Sederhana dalam foto deretan orang-orang mendengar pembacaan naskah proklamasi, atau pengibaran bendera merah putih yang dijahit Fatmawati, memiliki kisah-kisah tersendiri di baliknya. Bagaimana dimulai dari kisah-kisah datangnya sang penjajah dan penjarah, kemudian pertumpahan darah pahlawan, kerja paksa, pemberontakan, penculikan, dan akhirnya Indonesia merdeka. Lebih rumit lagi mungkin dari buku-buku yang menceritakannya dengan title sejarah.

Pernah dengar ini? Merdeka ada di tangan mereka yang terus bergerak. Sejarah menceritakan kemerdekaan Indonesia muncul dari keengganan rakyat Indonesia dan perasaan “Cukup sudah!” yang dirasakan bangsa Indonesia terhadap penjajahan, sehingga mereka bermaksud merdeka.

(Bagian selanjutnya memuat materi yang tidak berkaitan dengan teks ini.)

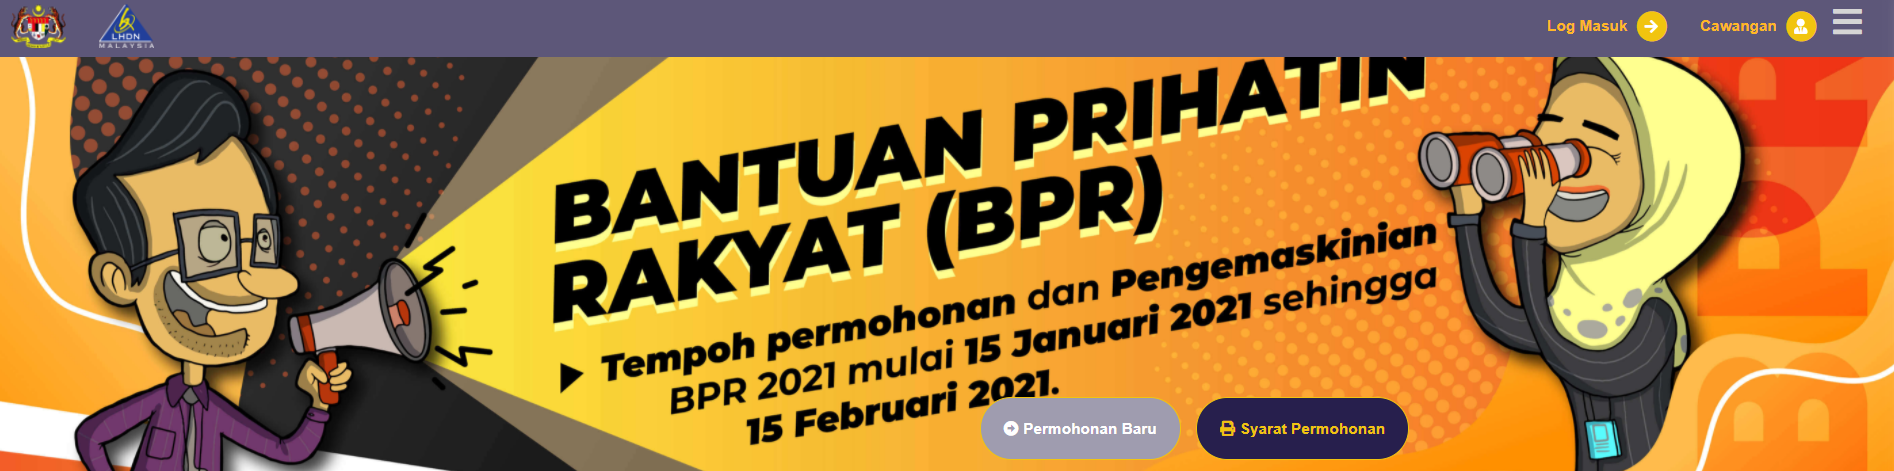 Permohonan Baru BPR Dibuka bermula 15 Januari Hingga15 Februari 2021 (tertakluk kepada perubahan) - Hasil 2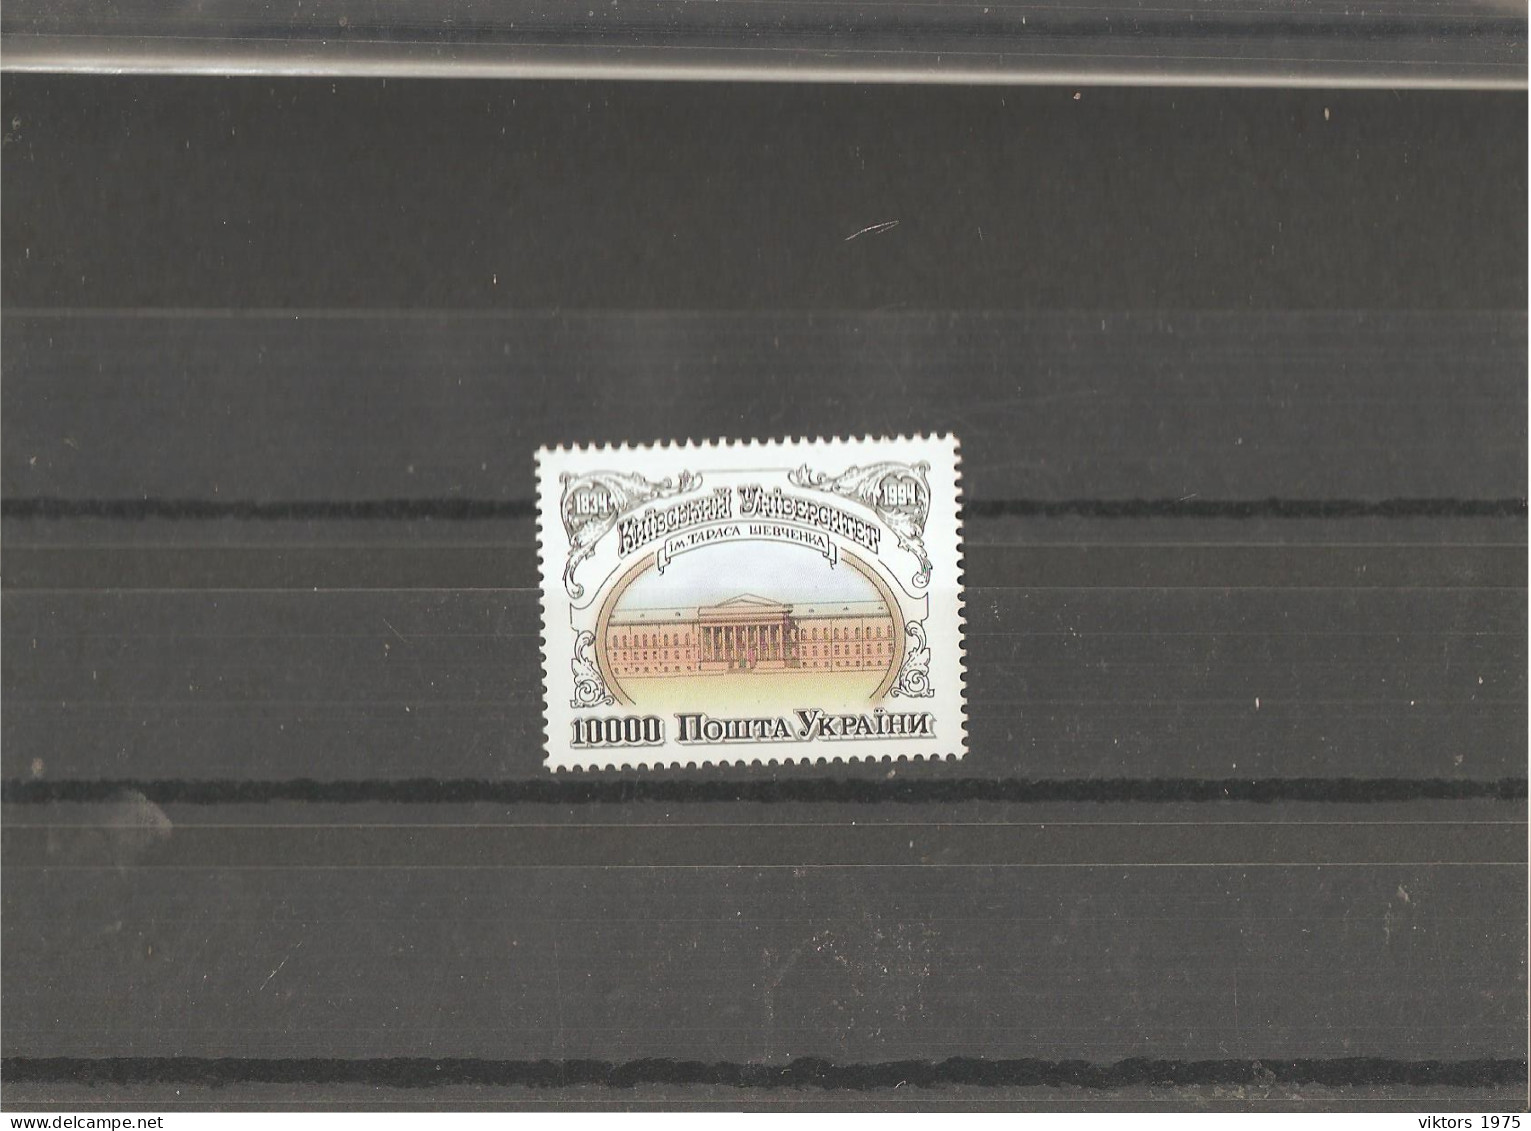 MNH Stamp Nr.120 In MICHEL Catalog - Ukraine

Maka, muncul berbagai organisasi pergerakan yang memiliki tujuan kemerdekaan Indonesia. Tentu, tidak sesederhana berdiri dengan mudah, kemudian jaya. Ada konflik, pertentangan, dan bahkan ada penahanan. Tapi, mereka yang mau merdeka harus bergerak. Siapa yang bisa menghentikan mereka?

Kita contoh, Sultan Babullah dari Ternate, jika ia memilih menjadi raja yang tidak bergerak di atas ranjang, oh ditambah dengan buah dan daging yang datang sendiri ketika waktu makan. Apakah mungkin Portugis akan angkat kaki dari ternate?

Contoh lain Soekarno, dalam buku Pak Peter Kasenda, jika saja ketika ia dikirim ke penjara Sukamiskin, atau Flores, bahkan Bengkulu, ia memilih untuk menyerah pada nasib dan bergulung-gulung saja di dalam sel sampai mayat dirinya dikeluarkan dari penjara. Apa mungkin kita bisa menemukan namanya sebagai perwakilan bangsa menandatangani teks proklamasi? Mungkin kita bisa menemukan Soekarno lain, tapi Soekarno ini telah membuktikan dirinya tidak diam, dan menjadi proklamator sekaligus presiden pertama kita.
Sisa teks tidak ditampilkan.